● **INSTRUCTIONS FOR THE TASK**: Could you return the data that follows exactly, minus the images?

● **GIVEN DATA**:
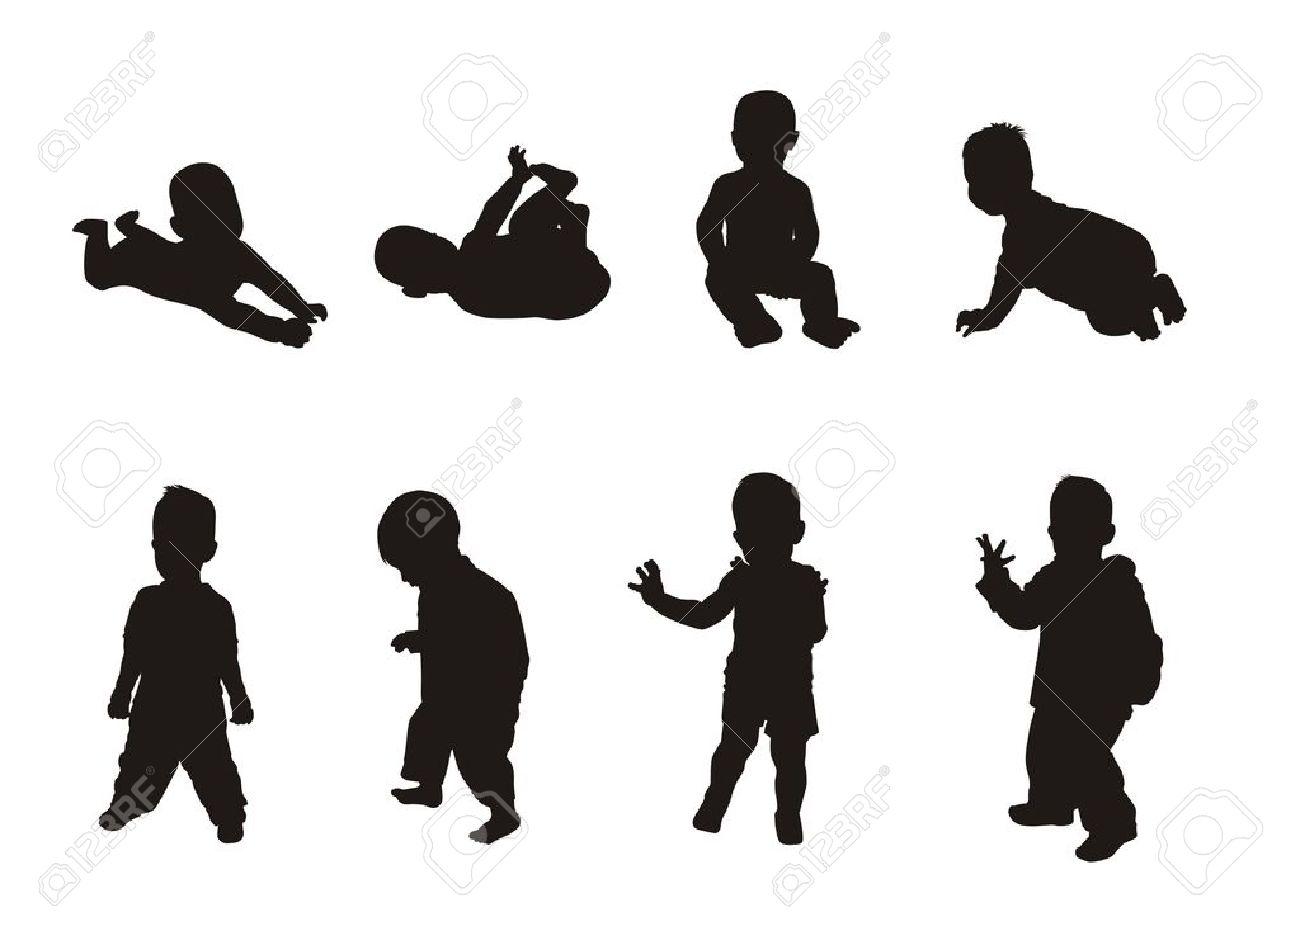 Clipart Silhouette Body Child.
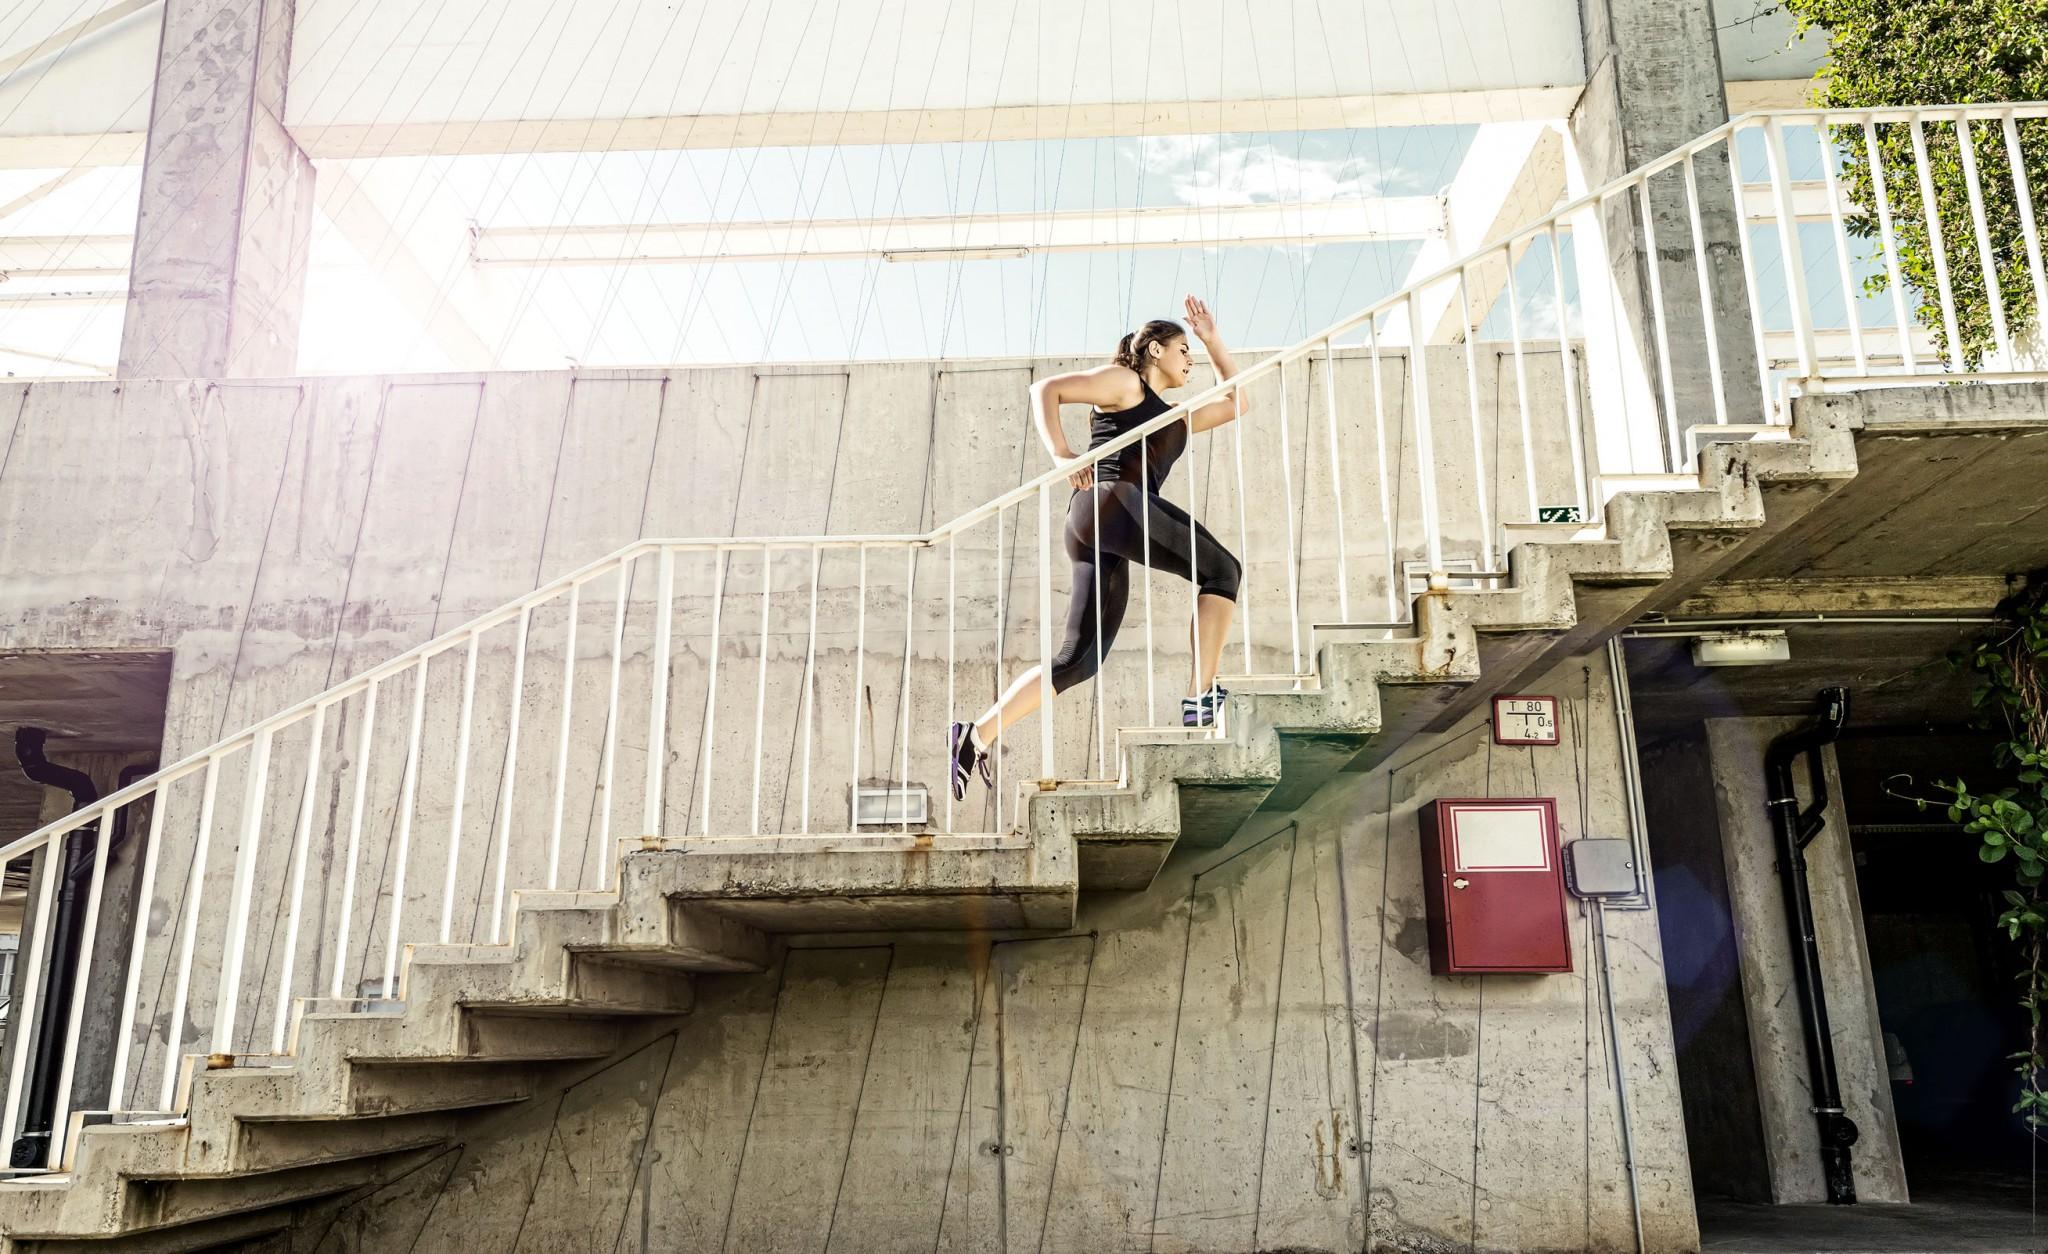 stairs running urban woman
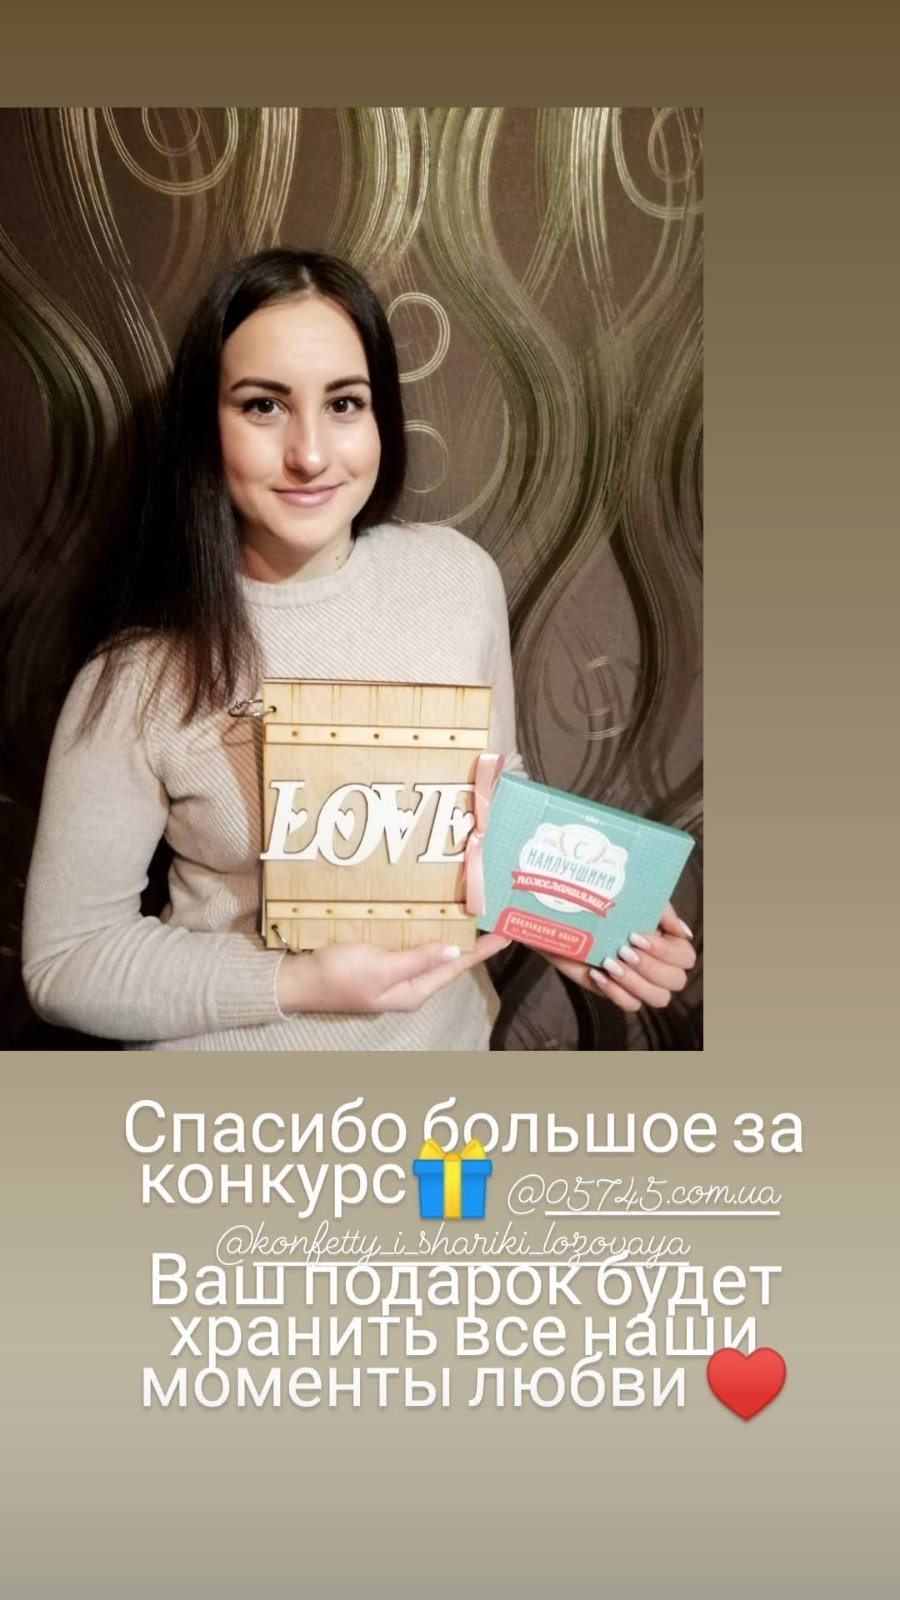 Лозівчани визначили переможців фотоконкурсу «Чарівна сила кохання», фото-3

● **ANSWER TO THE PROBLEM**:
 Clipart Silhouette Body Child.
 stairs running urban woman
 Лозівчани визначили переможців фотоконкурсу «Чарівна сила кохання», фото-3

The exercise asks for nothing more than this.